Today you should never start any scientific project without an exhaustive search of the literature, for example, by typing “Oslo” into Google. Here you find one fact that can significantly narrow the search area: Oslo is located in Norway. With that piece of information alone you can eliminate 2/3rds of Scandinavia from the search area. So it would only take 0.33333… lifetimes to search the remaining area and find 10 Oslos. The probability of finding only 1 Oslo would be a tenth of that, so you ought to calculate 3.3333… lifetimes. In a grant application, that comes to three full-time positions and one third-time position, probably a technician.

Now I think it’s reasonable to invest that much effort in searching for Oslo, especially since you might find other things while you were at it. Who knows what remains to be discovered in these large, unexplored areas of the country? You might find a species of Archaea that evolved 3 billion years ago in a thermal vent on the ocean floor. It’s a long ways from that deep ocean vent to a valley in Norway, but you can crawl a long way in 3 billion years. Especially if the colony is being driven by a male Archaea, who doesn’t waste time seeing the sights along the way, and keeps the pit stops as short as possible. You might also find the last surviving tribe of Yeti. Or secret UFO landing sites. You should keep your eye out for these things. If you find one of them, you should mention it in your supplemental data.

It’s quite common in science to start looking for one thing and end up finding something else. In fact, sometimes you find things when you aren’t looking for anything particular at all. You know how it is: you come into the lab on a Sunday, just to putter around a bit, and suddenly, lying there in your Petri dish, is the ribosome.

This is the type of science we call non-hypothesis driven research. You grope around in the dark and suddenly your hands grasp onto something.
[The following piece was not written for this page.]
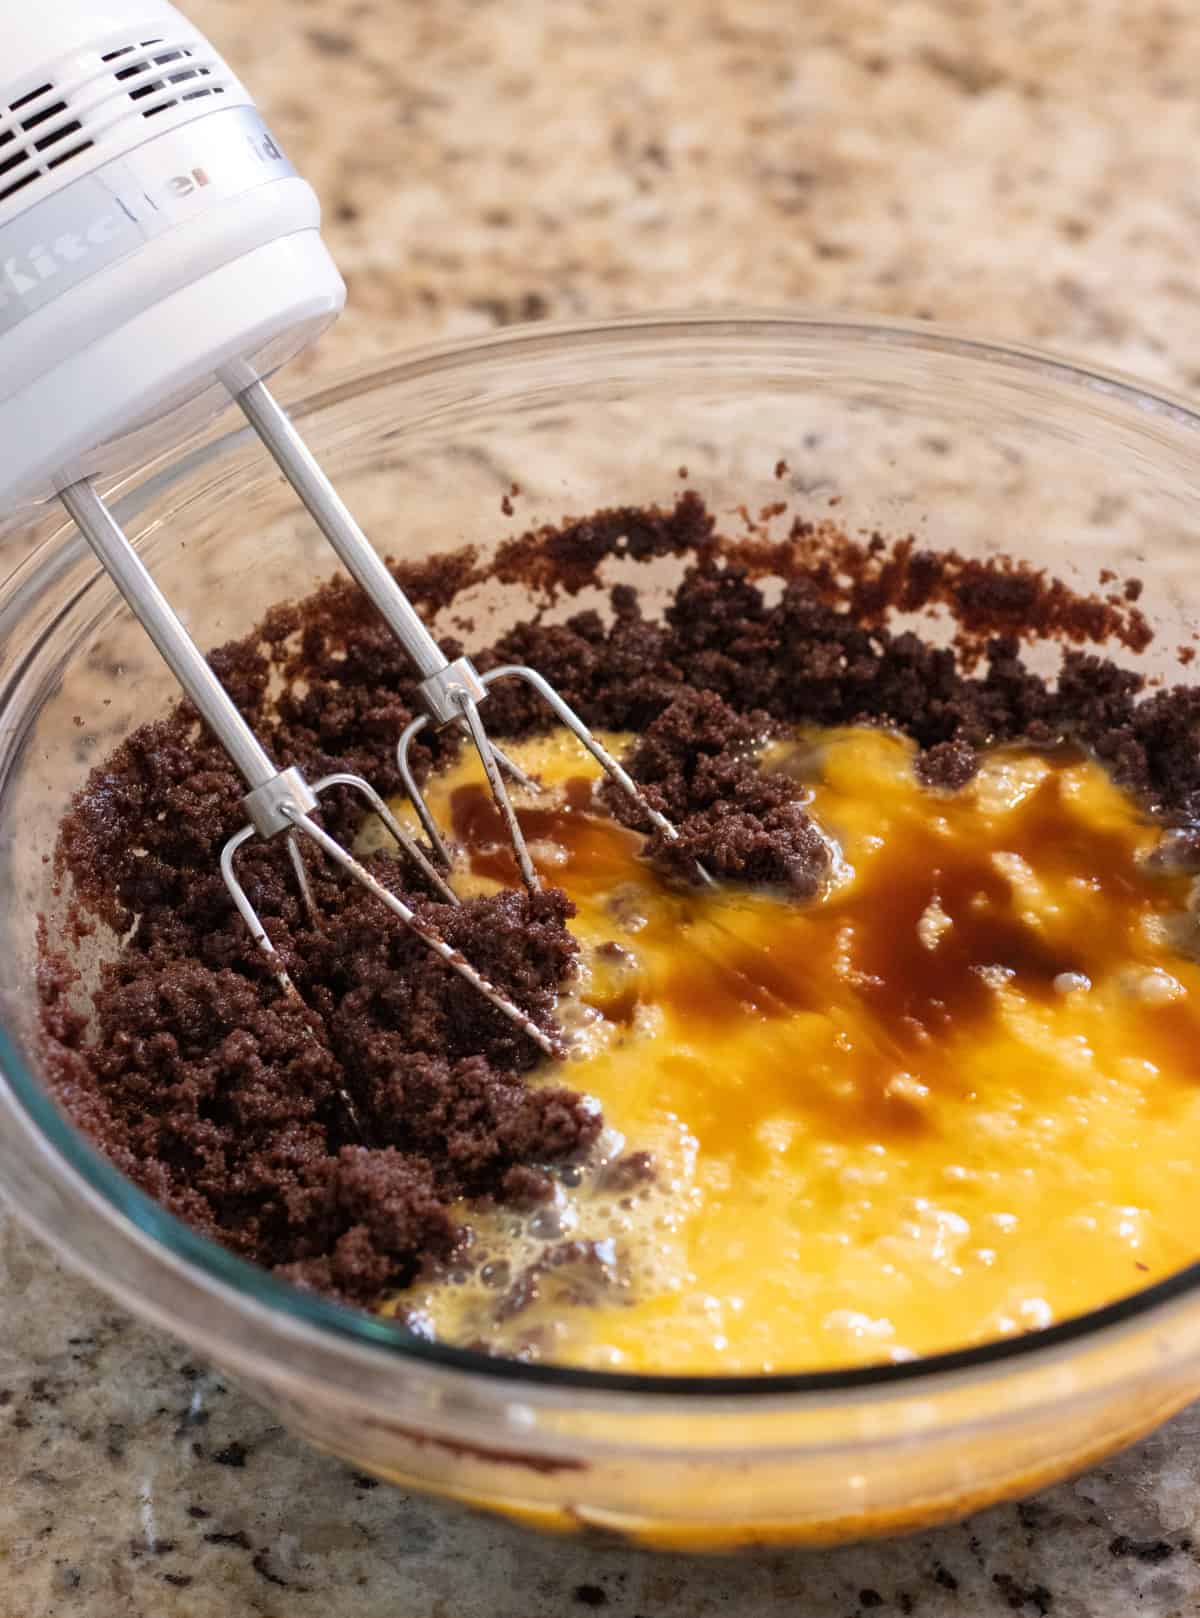 Eggs and vanilla added to brownie batter.

Please don’t think of this as a reference to some sort of sexual activity because it is not. In any case, in non-hypothesis-driven research, you should always be prepared for surprises. You’re out in the field looking for Oslo, or maybe a new species of Archaea, and suddenly you find a Yeti. You’ll never get a Yeti back to the lab in a Petri dish. So when you’re doing non-hypothesis driven research, you should always take along a big net. And some tranquilizer darts.
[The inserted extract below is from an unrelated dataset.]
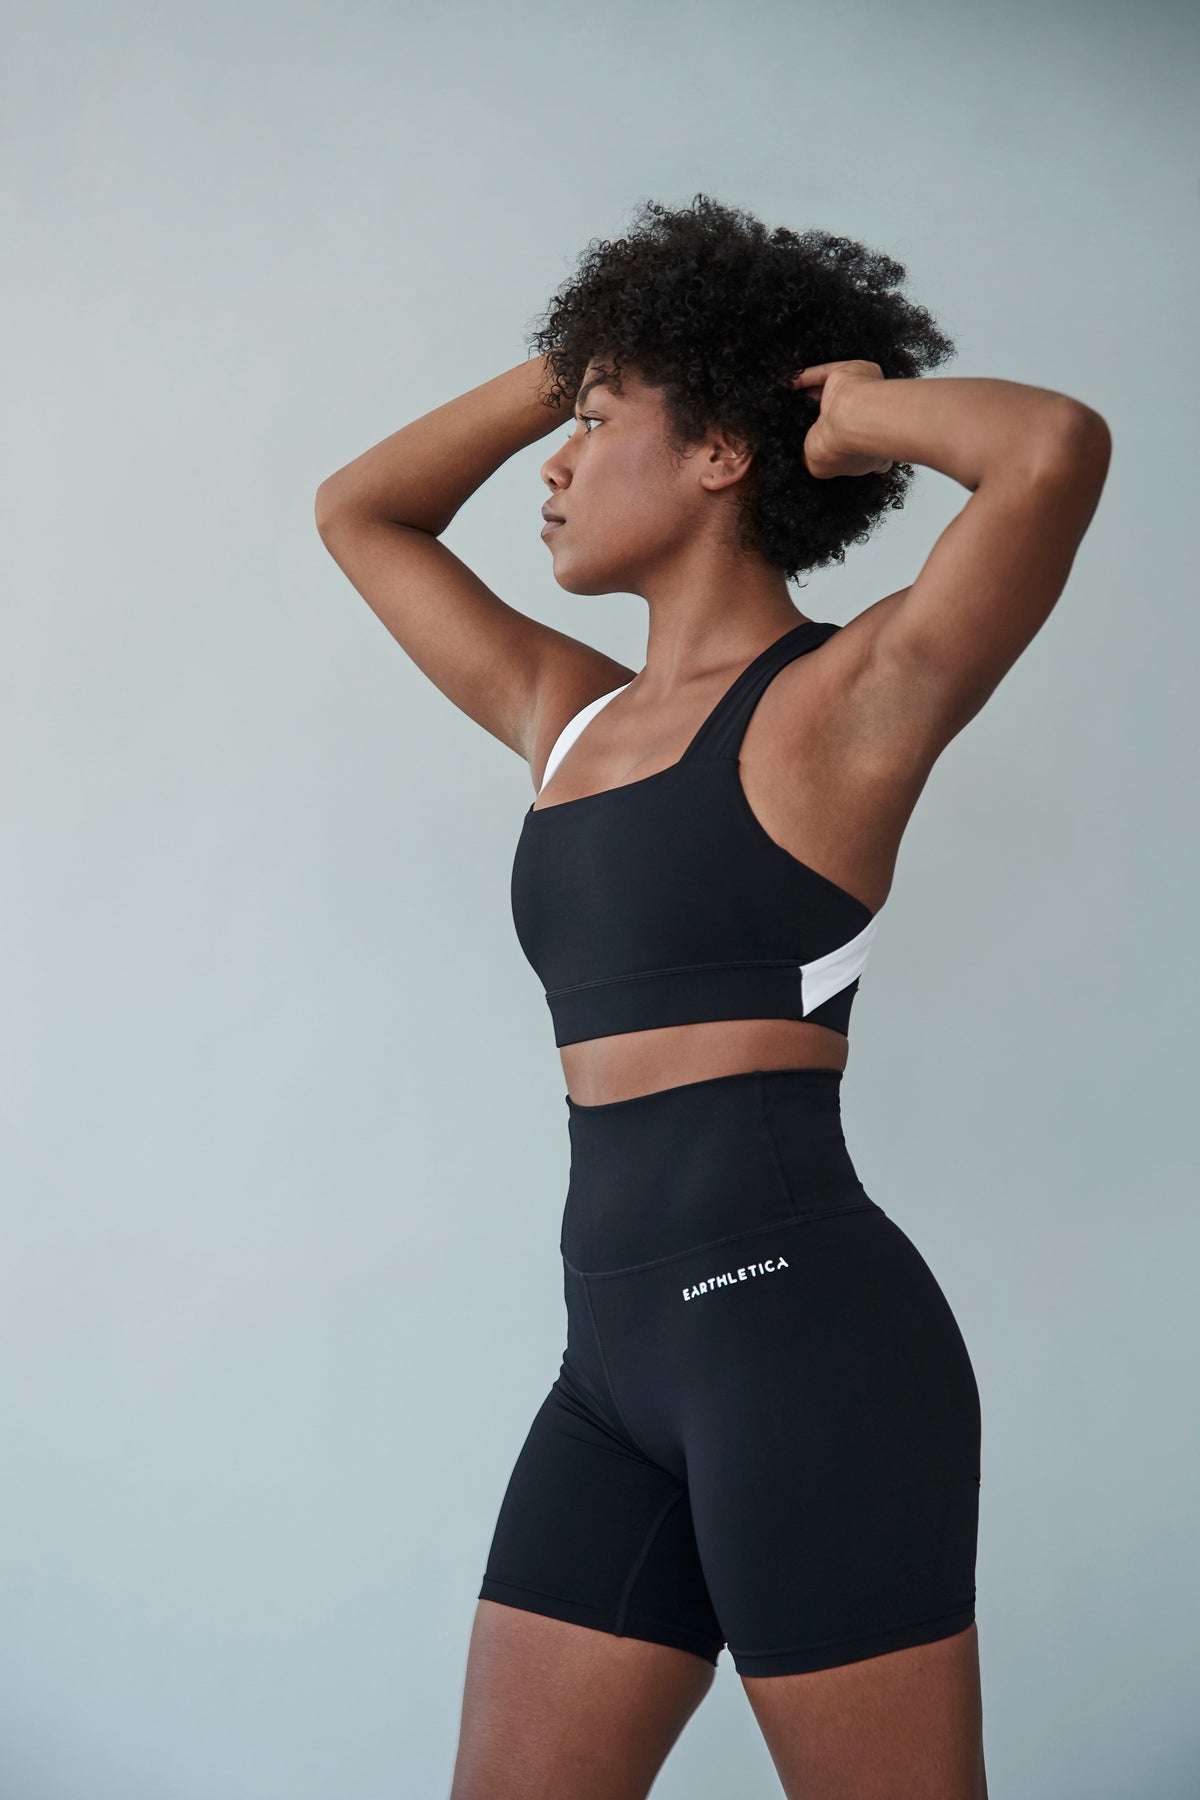 An Earthletica model wearing the Star Drop Crop + Midnight Bike Shorts activewear set. She is photographed from the side, with her arms raised above her head.

It’s hard to get funding for this kind of research. When you apply for a grant they always ask what you’re expecting to find. This is kind of silly, because if you already knew, you wouldn’t need their money to find it. So when you’re applying for a grant you just sort of pretend that you don’t know what you’re going to find.
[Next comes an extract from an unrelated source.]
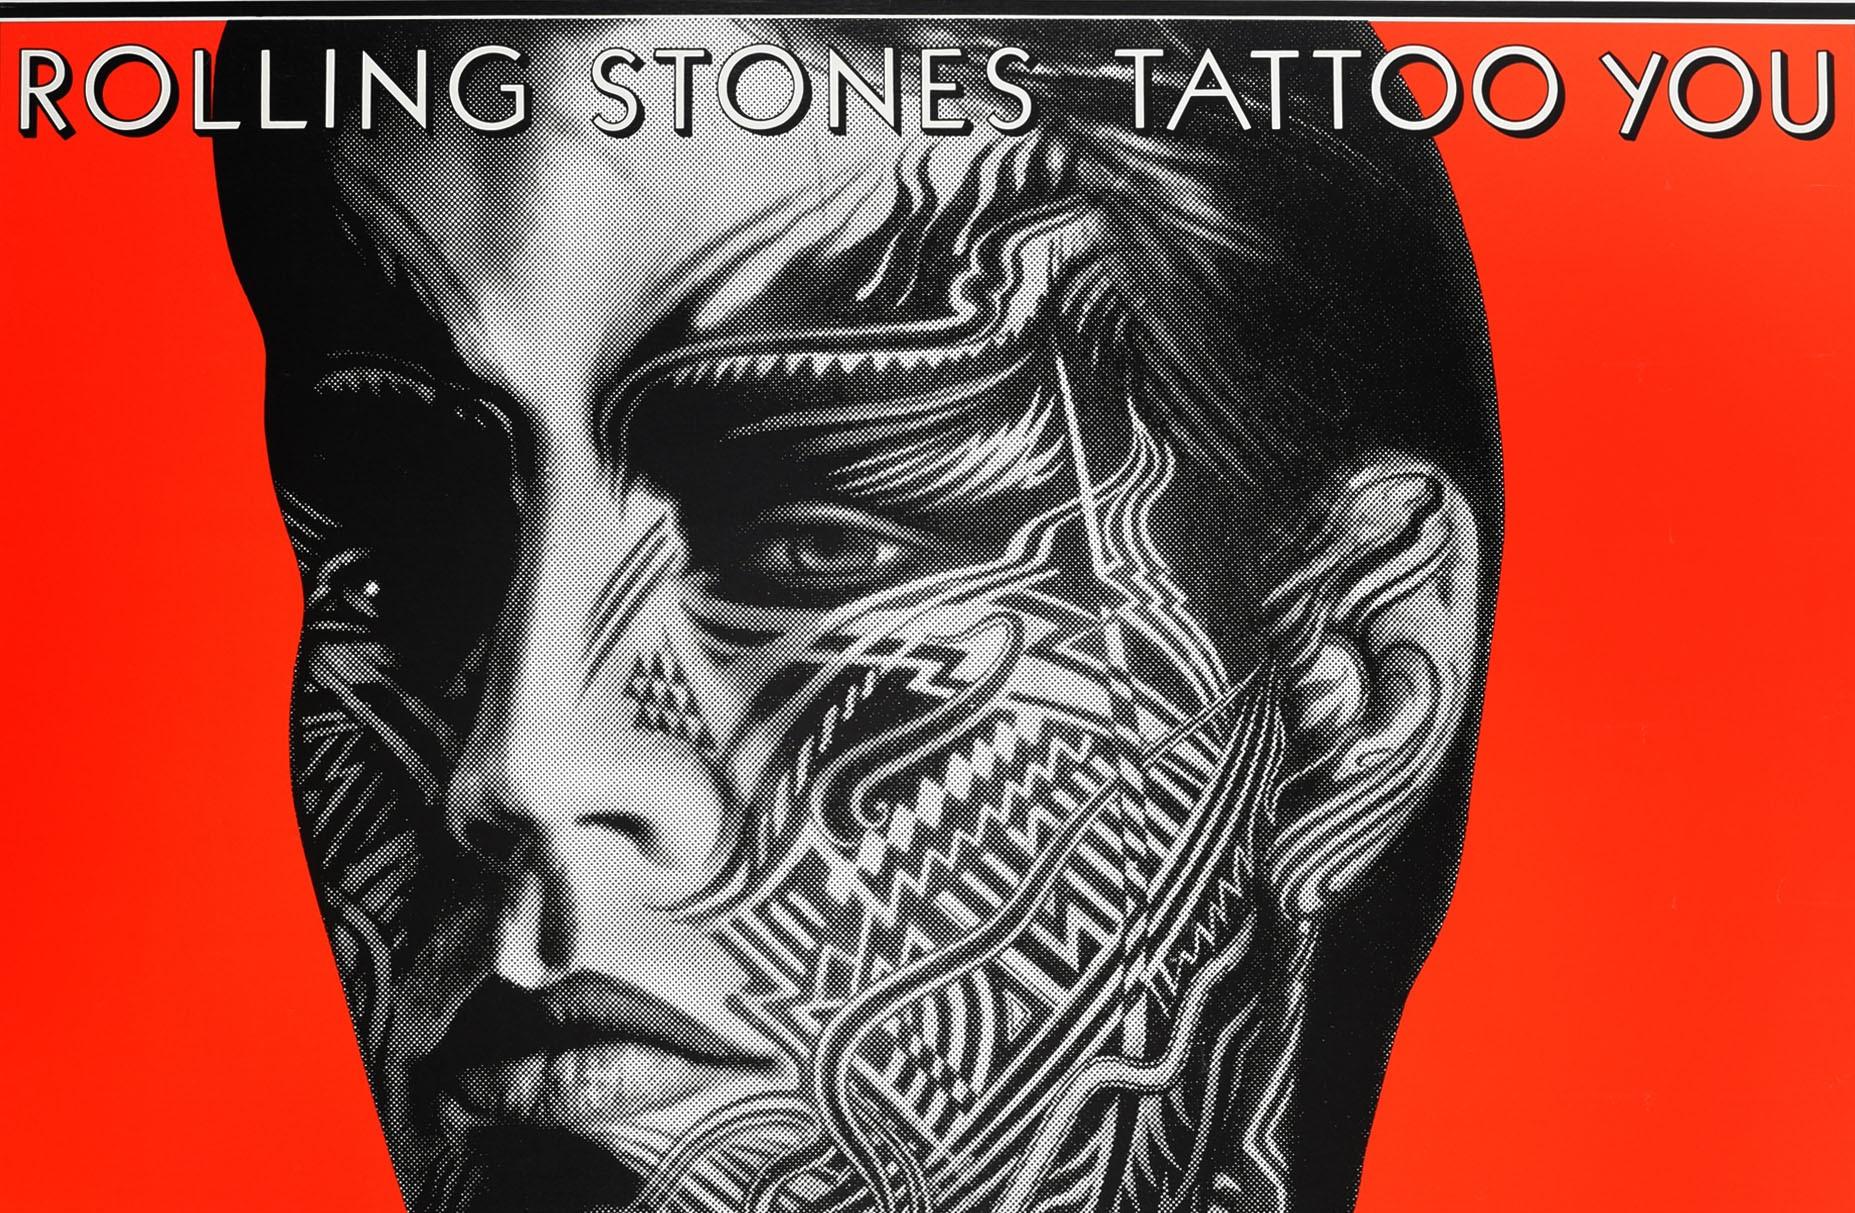 Original Vintage Mick Jagger Poster The Rolling Stones Tattoo You Album Design - Print by Peter Corriston

That’s harder to do when you’re trying to get funding for non-hypothesis-driven research. Under the section on “Expected results and impact,” you can’t just write, “I have absolutely no idea.” Instead you should say something like, “We expect to find either a new species of Archaea, the city of Oslo, or a Yeti.” It’s wise not to mention secret UFO landing sites in grant applications.

You work hard to finish the application, send it off, and then you start waiting. You wait for years and years, and you never hear back from the grant commission. The entire system is biased against non-hypothesis-driven research.

But think where we’d be without it. I don’t know who the first person was who discovered Oslo, but he certainly didn’t find it by using a map. Without that bold pioneer, we wouldn’t be here. We’d be somewhere else. Probably in Stockholm.

A novel, non-hypothesis-driven method to determine the location of Oslo

Abstract. Traditional methods of locating large foreign cities involve a time-consuming, manual inspection of maps, sometimes with the aid of a magnifying glass. Recent years have seen the development of automated, high-throughput technologies such as Google Maps. These methods, however, are of limited applicability in cases where you don’t have the right map, or when you are at Starbucks and the Internet server crashes. Here we use Oslo as a model system to develop a novel, non-hypothesis-driven approach for determining the location of any large object on Earth. The method can easily be adapted to find other cities as well as smaller entities, such as new species of Archaea, or Yeti.